Umas das respostas possíveis para evitar cair no desalento diante dessa situação tão adversa é poder dormir e sonhar, recolher-se num intervalo de tempo regenerador para o psiquismo.
Outras saídas importantes para restituir os caminhos de representação simbólica na vida de vigília são os diversos grupos de trabalho, que funcionam como importantes redes de sustentação, que se constituíram em torno da enorme transformação que atingiu a todos.
Uma importante pesquisa sobre sonhos está sendo realizada em conjunto por universidades federais de todo o país: Minas Gerais, Rio Grande do Norte, Rio Grande do Sul, Rio de Janeiro e São Paulo. O projeto Sonhos em tempos de pandemia -sonhos confinados- interroga o que tem habitado os sonhos dos sujeitos nessa época e como a crise tem se refletido nos sonhos. Os pesquisadores já receberam cerca de mil relatos de sonhos que lançam luz sobre a realidade da qual provêm. As cenas dos sonhos são singulares, mas permitem uma leitura do que está sendo vivido no coletivo. Os sonhos recolhidos formam um tecido discursivo que pode ser tomado como testemunho de seu tempo.
Esse projeto foi inspirado no livro Sonhos do terceiro Reich, escrito por Charlotte Beradt, que entrevistou os alemães no período de 1933 a 1939. O livro aponta para a função coletiva dos sonhos, nos quais aparecem com mais clareza os pensamentos, impressões e percepções que não estão admitidos na vida de vigília. O inconsciente capta o que a consciência não consegue captar. No processo de sonhar, a censura está rebaixada, o sonho não pensa e não julga, o inconsciente funciona sob leis próprias de deslocamento e condensação, elaborando coisas que não daríamos conta de admitir com as ferramentas da consciência. Pelos relatos dos sonhos recolhidos, a autora inferiu que os alemães começaram a perceber o perigo muito antes de se darem conta dele conscientemente.
O paradoxo da democracia
por Ana Maria Siqueira Leal[15]
Nas pesquisas que elaborei para produzir esse texto, encontrei Mitsuo Tanaka, de 77 anos, ativista do maio de 68 no Japão – feminista, chamou seu movimento da “revolução sem sutiã”.
O maio de 68, marco da Revolução Contemporânea, surgiu na França e se espalhou por toda a Europa, Ásia e América.
Este movimento incendiou os países, com reivindicações de toda ordem, que iam da Greve Geral de trabalhadores à liberação dos costumes – lutas de rua com a polícia e assembleias por toda a parte.
Nos EUA, o flower power e a luta contra a Guerra do Vietnã trouxeram, em paralelo, os tanques e as bombas, despejadas contra a população civil.
Me surpreendi que Mitsuo Tanaka vá até hoje ao metrô de Tóquio, onde todos passam, como se ela não estivesse ali, carregando um cartaz escrito PAZ, e afirmando, em entrevista, que jamais vai desistir da sua luta!

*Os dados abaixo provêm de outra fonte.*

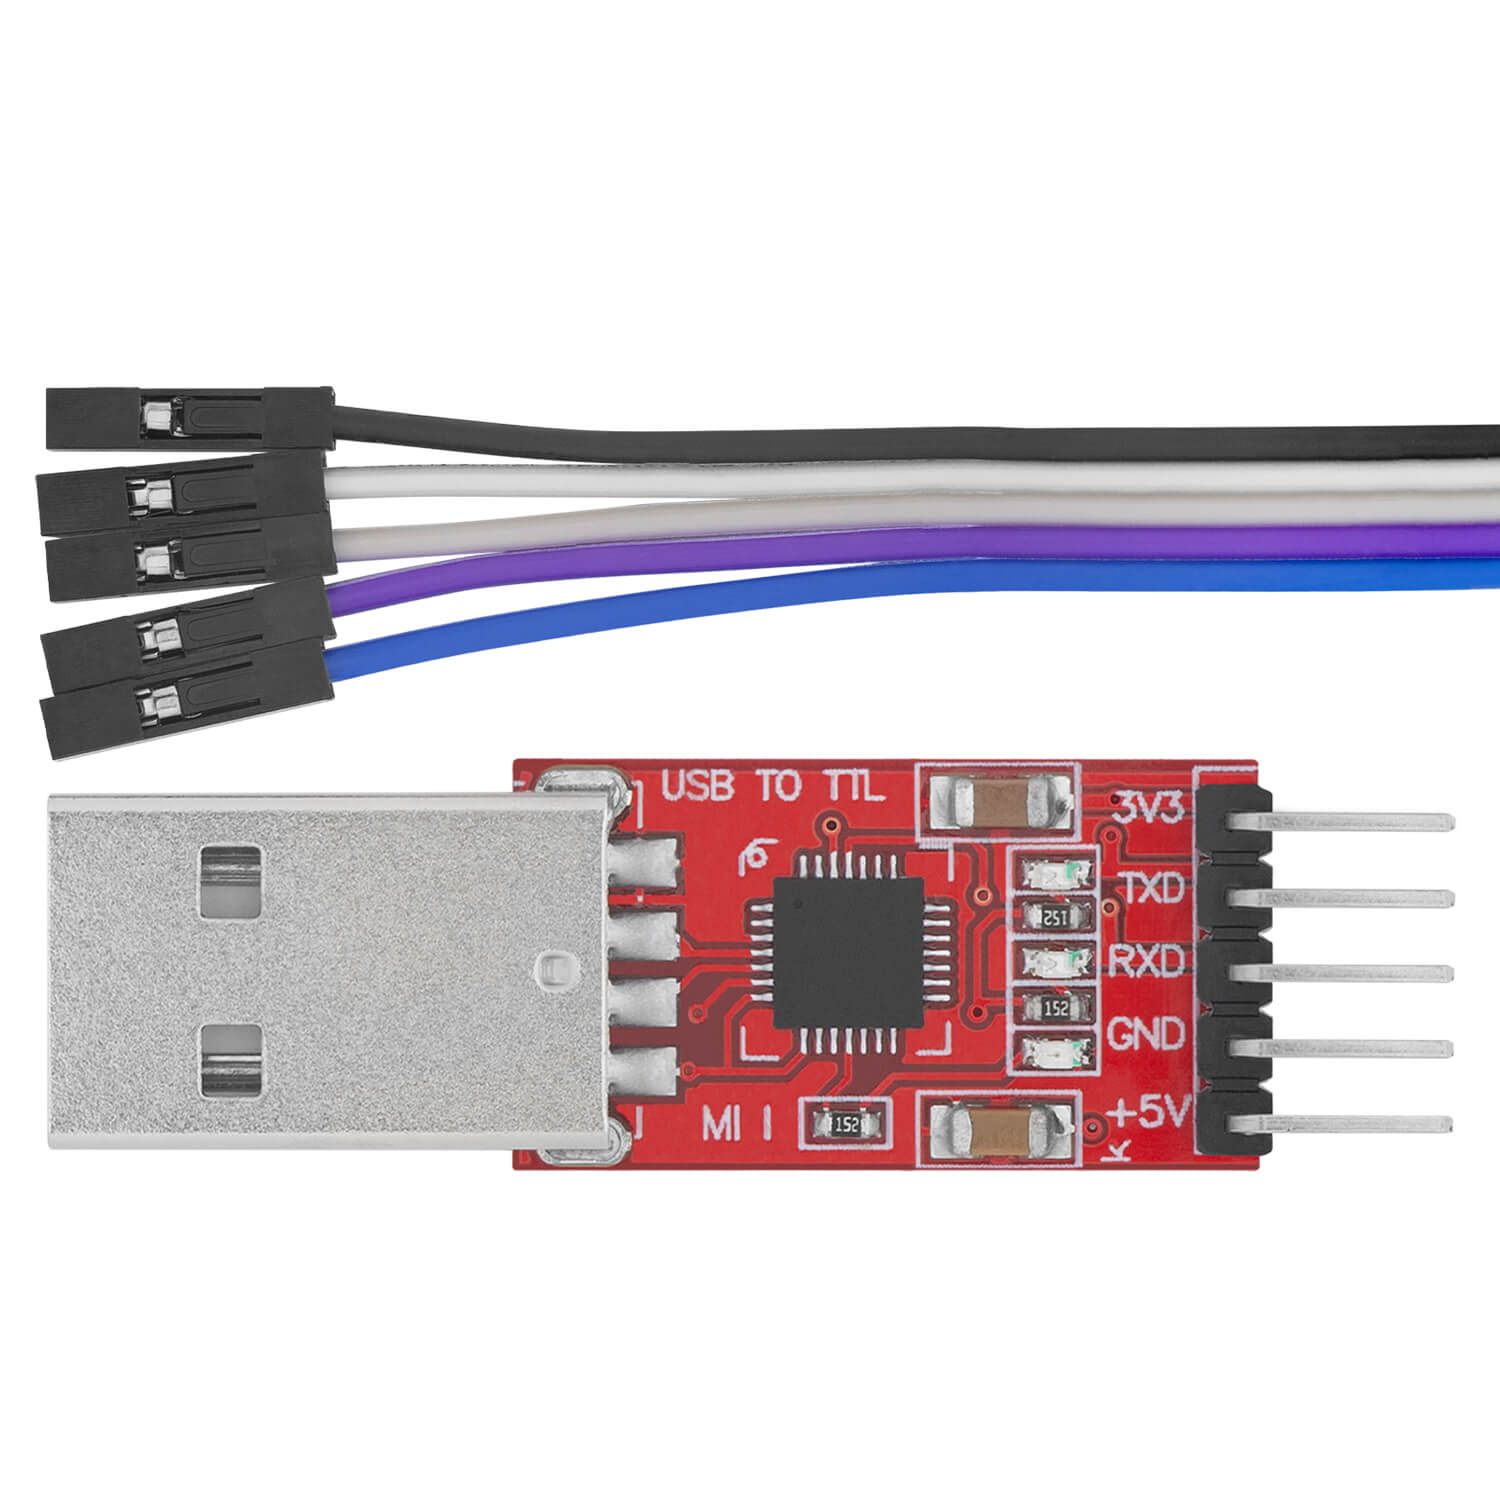 CP2102 USB zu TTL Konverter HW-598 für 3,3V und 5V mit Jumper Kabel - AZ-Delivery
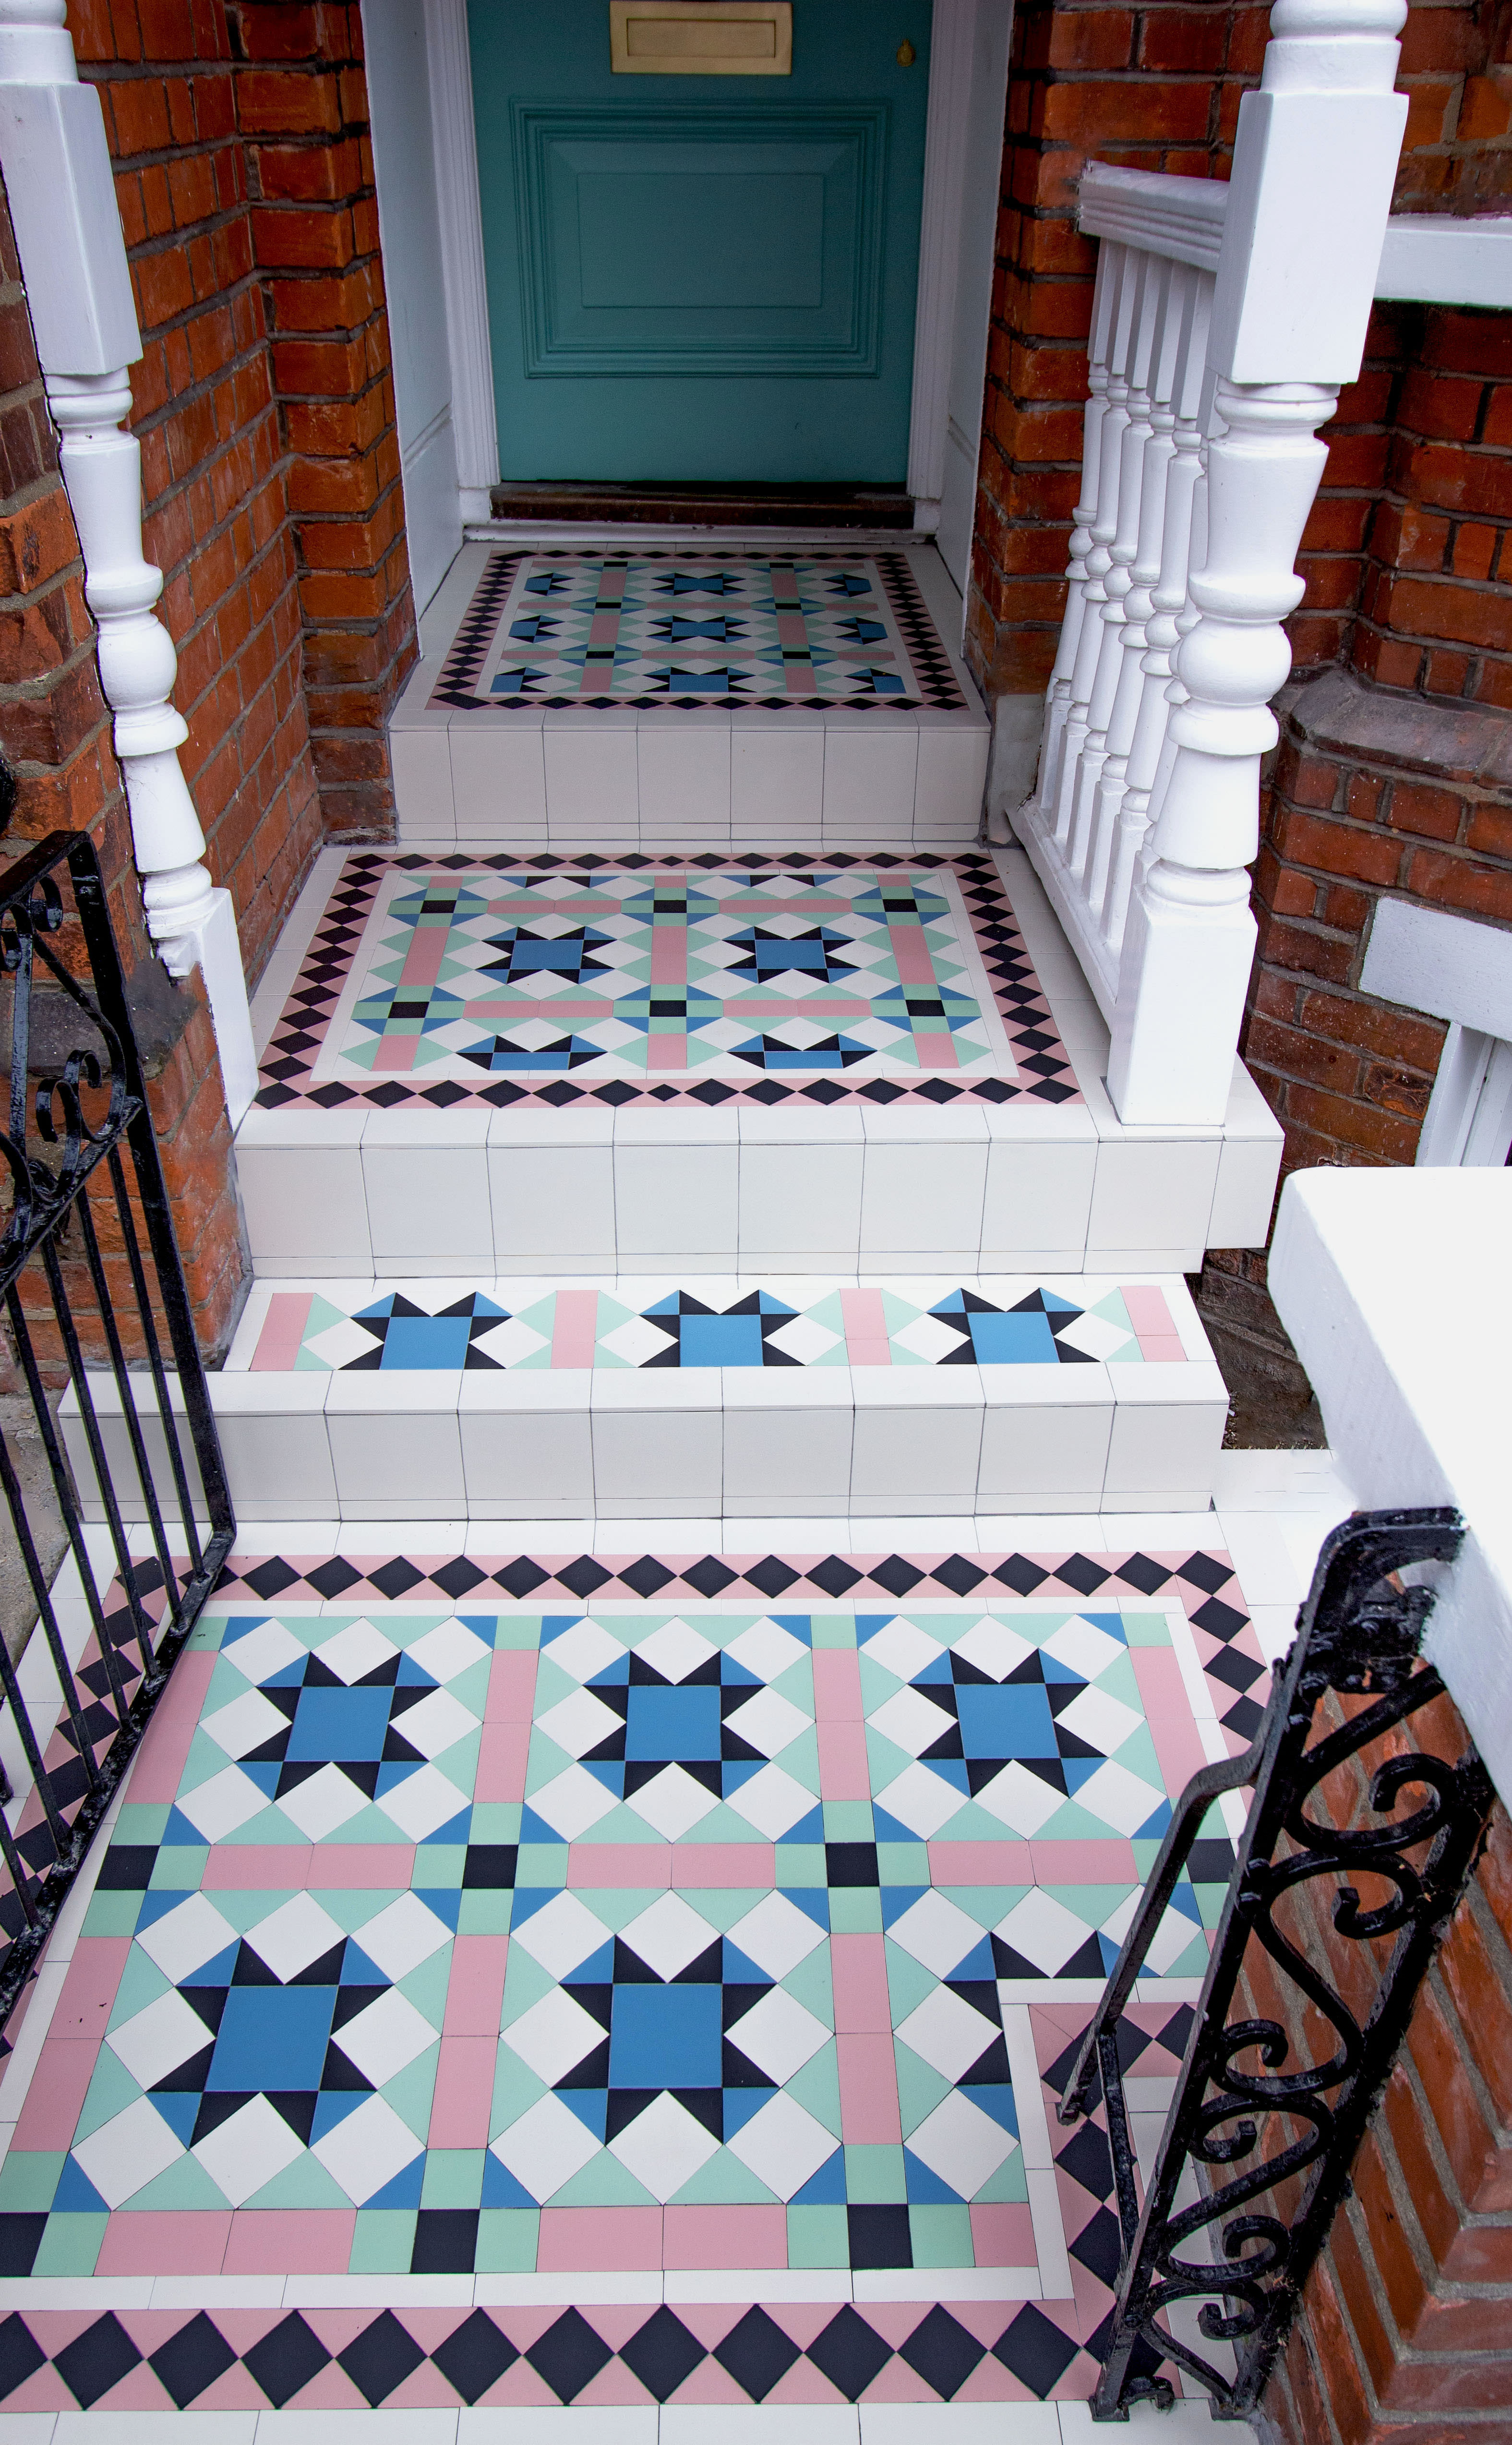 Victorian floor tiles

As questões que me mobilizam neste pequeno texto são: Por que a democracia liberal e o liberalismo econômico não estão dando conta de responder ao desenvolvimento do capitalismo na atualidade?
Por que a direita vem tomando um espaço maior no mundo?
Onde estão os ideais de liberdade, paz e justiça social?
Que significado tem as eleições de Bolsonaro, Trump e outros por todo o planeta?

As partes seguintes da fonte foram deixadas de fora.